Yes, _House_ restored my faith in TV to actually come out with something watchable. I haven't been this appreciative of a series since _Star Trek: Voyager_ came out, way back when.

TV has the potential to be an artistic medium, though usually, to me, it's just bread and circuses. Just mindless distractions to keep the citizens happy while Rome burns. That, and the overall low, low quality of most TV programming just makes the whole entity laughable. Aside from a show here and there, most TV is just worthless garbage, appealing to whichever trend the masses seem to want.

Such as _American Idol_. Now there's a dancing competition show (two, actually), an ice-skating competition show, and all of this came from _Survivor_ and competition-ish survival shows. It's all just variations of a theme. And nothing anyone does is unique, just rehashing the same old stuff.

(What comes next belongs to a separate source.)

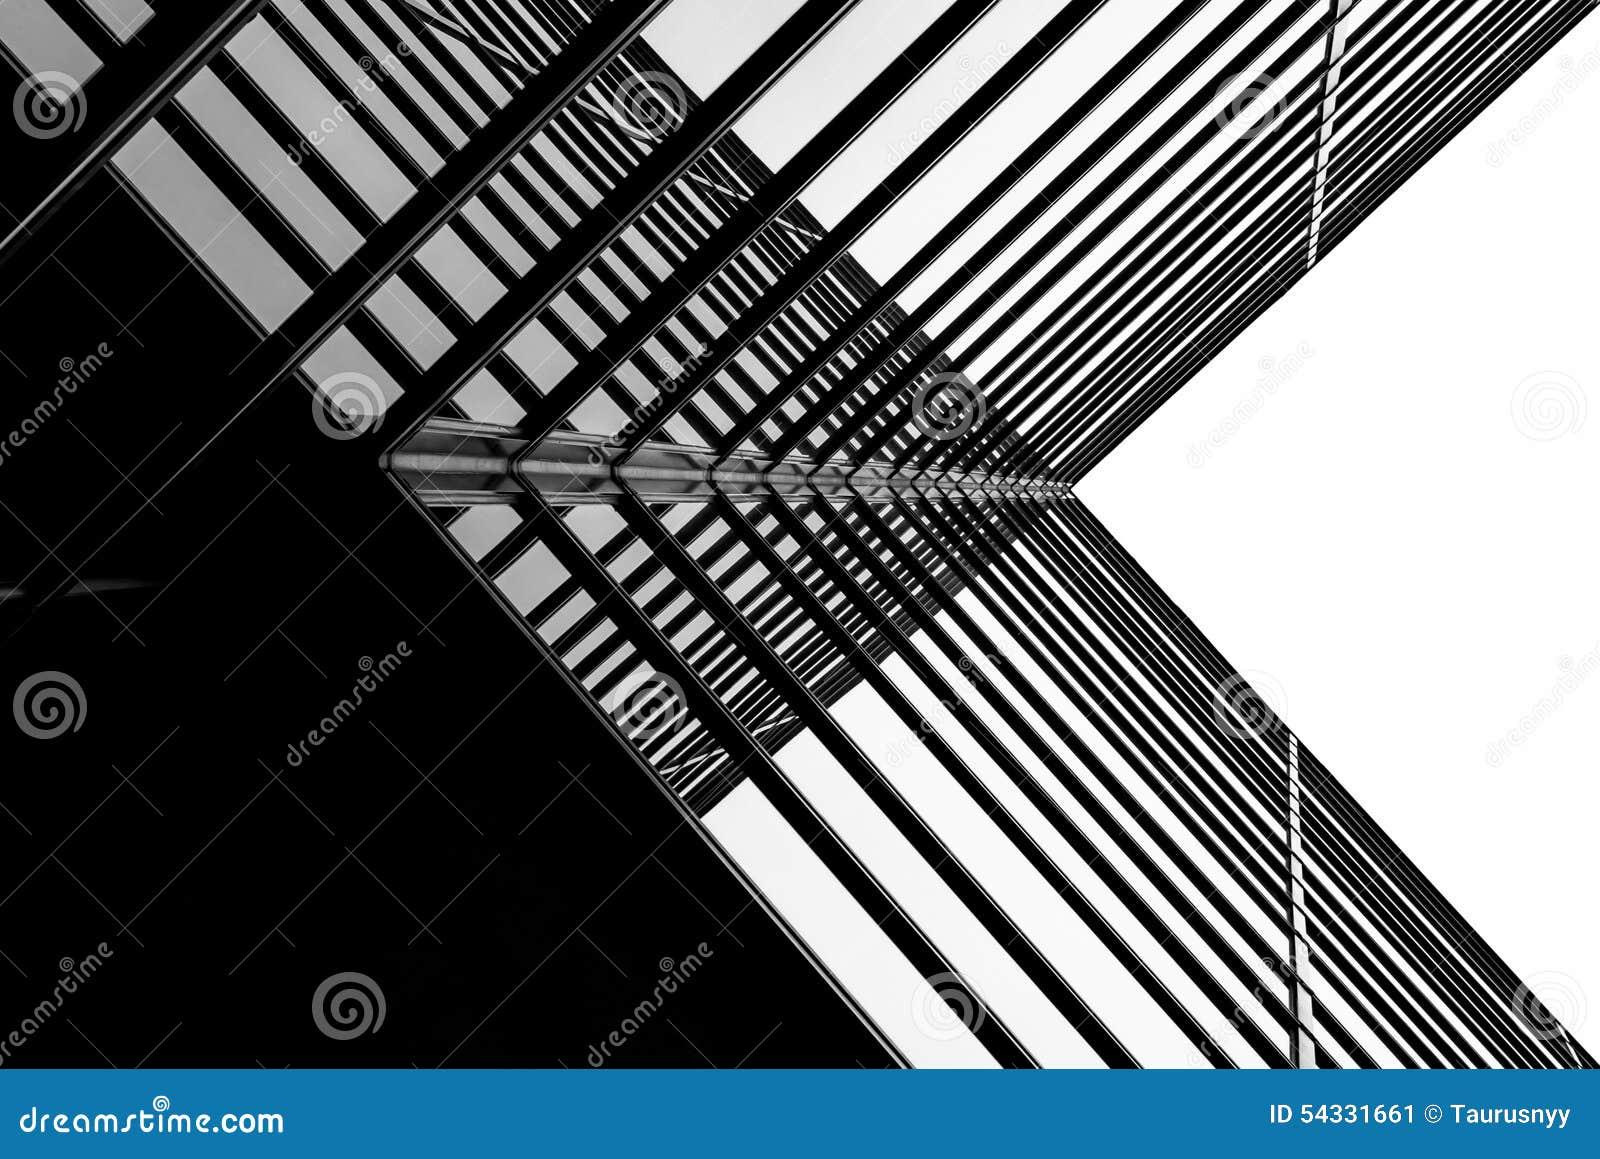 Arquitetura moderna X

Absolutely no creativity or artistic merit, especially in week after week of listening to zombies get in front of judges and groan for brains.

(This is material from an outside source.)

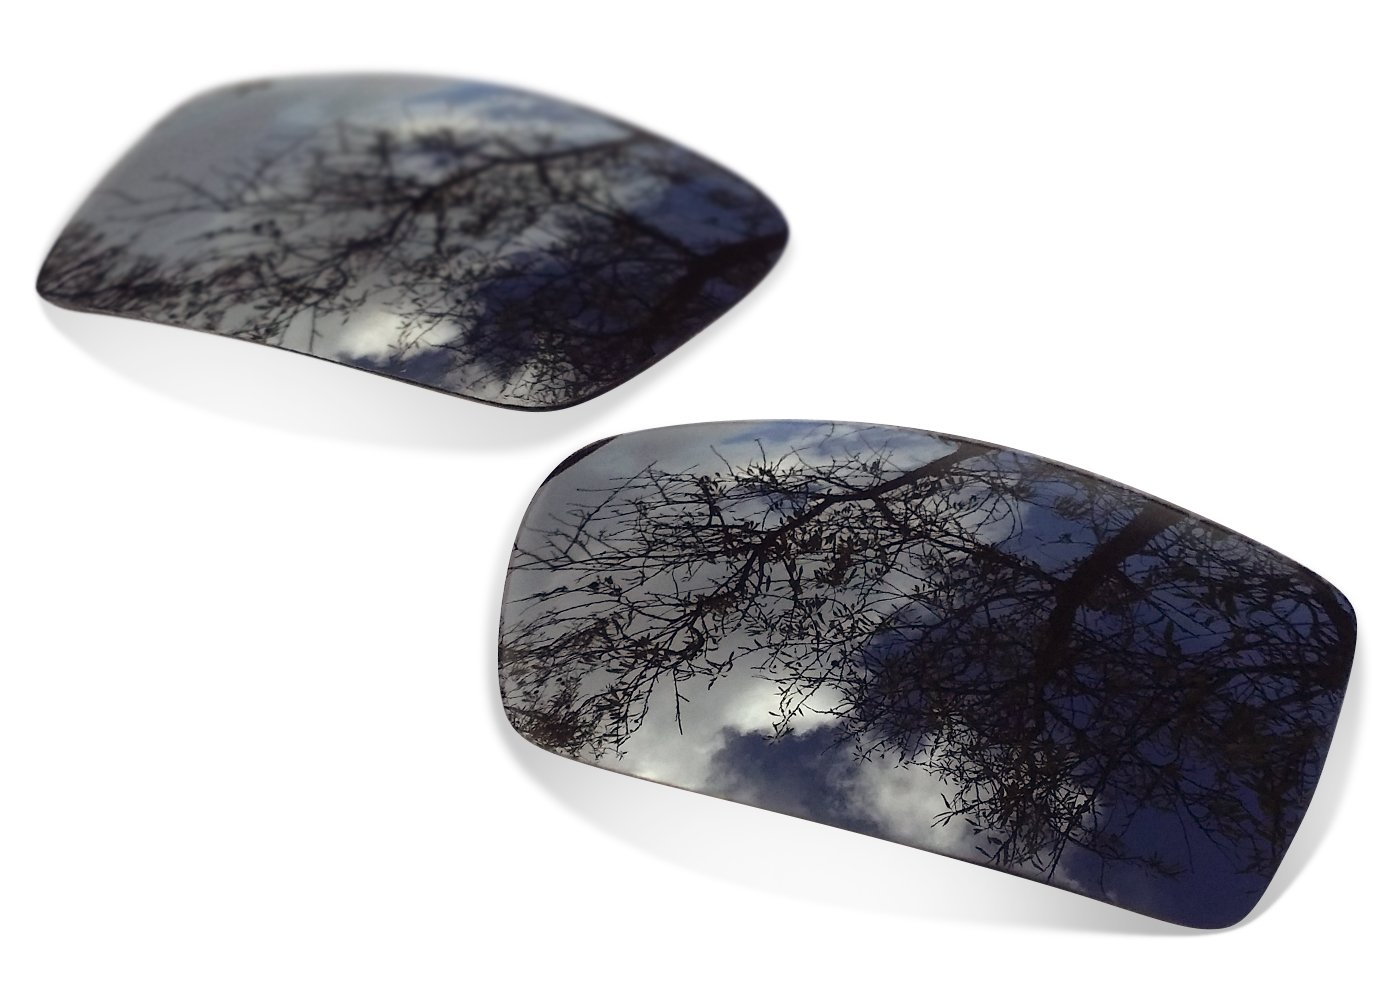 Sunglasses Restorer Lentes Polarizadas Black Iridium para Oakley Gascan

TV has potential, of course, but most shows are just geared to appeal to the lowest common denominator of society. Very little of it aspires to anything of greater quality than that which came before. Personally, I'm content with DVDs and a few shows here and there. I really can't be bothered with the rest.


----------



## Talierin (Jun 4, 2006)

The new Doctor Who is really really good - it's actually quite refreshing to watch a BBC show on american television, you brits use the medium differently than we do over here. Better drama, better acting, better writing, and in the case of sci fi, less special effects to take over the episode. Also it seems like there's less commercials. I'm quite enjoying it - ok, so maybe I'm addicted to doctor who *looks around sheepishly*

American television right now pretty much sucks. CSI the original is a pretty good show, but after awhile it gets a little old, and the format for every episode is the same. I mean, I can look at the clock and tell you exactly what plot point we're at. For example, at 9:50pm is when they'll accuse a person of the crime, but then suddenly realize based on something they said or some tiny piece of overlooked evidence, that it was someone entirely different, in which they now have to track that person down and force a confession out of them. Forget their right to silence, they always get a confession, and, under as much pressure as possible, cause, you know, that's better tension in the episode.

As for other shows, Firefly rocked, if there was any show that should have stayed on tv longer it was Firefly. I like Lost, but it is a teensy bit soap opera and sometimes I want to throw things at the tv because the people on the island are so gosh darn stupid, and they pretty much have no survival skills to speak of, nor seem to need them. It's rather annoying.

I do like some reality tv shows *ashamed* but only the good ones, like The Amazing Race (I like seeing the different countries, and it's just fun to watch and make bets on who's getting kicked off - my sister and I get very loud watching this show when our favorite teams are behind, hehehe), America's Next Top Model (I like the clothes, and the interesting photography shoots), and Project: Runway (the clothes, and the fact it's all about design)

Worst reality show I've ever watched was American Inventor. Talk about lame, ugh.


----------



## Violanthe (Jun 12, 2006)

I agree with Firefly. TV is poorer for not having Joss Whedon shows on anymore.


----------



## cardanas (Jun 13, 2006)

Television has the potential to be an artistic medium and is recognised as such; unfortunately this potential is rarely utilised.


----------



## Mike (Jul 1, 2006)

Ecxept in "Bonanza". That was an excellent show!


----------



## Ithrynluin (Jul 2, 2006)

Mike, are you sure you're only 17?


----------



## Mike (Jul 2, 2006)

Yes, indeed, I am 17.

I was quite skeptical when my dad bought the boxed set of this show about a year ago, but afterwards I was hooked. Great stuff. A classic.


----------



## Alcuin (Jul 3, 2006)

Yes. TV is an artistic medium. 

Twinkies are nourishing food. 

Varda Elbereth Gilthoniel is really Tinkerbelle in disguise. Folks call her “VEG” for short. Only Manwë gets to call her “Veggie.” 

The Witch-king of Angmar is just that old prankster, Isildur, with a paper bag over his head, trying to see if he can scare Sam bad enough to make him change his lederhosen.


----------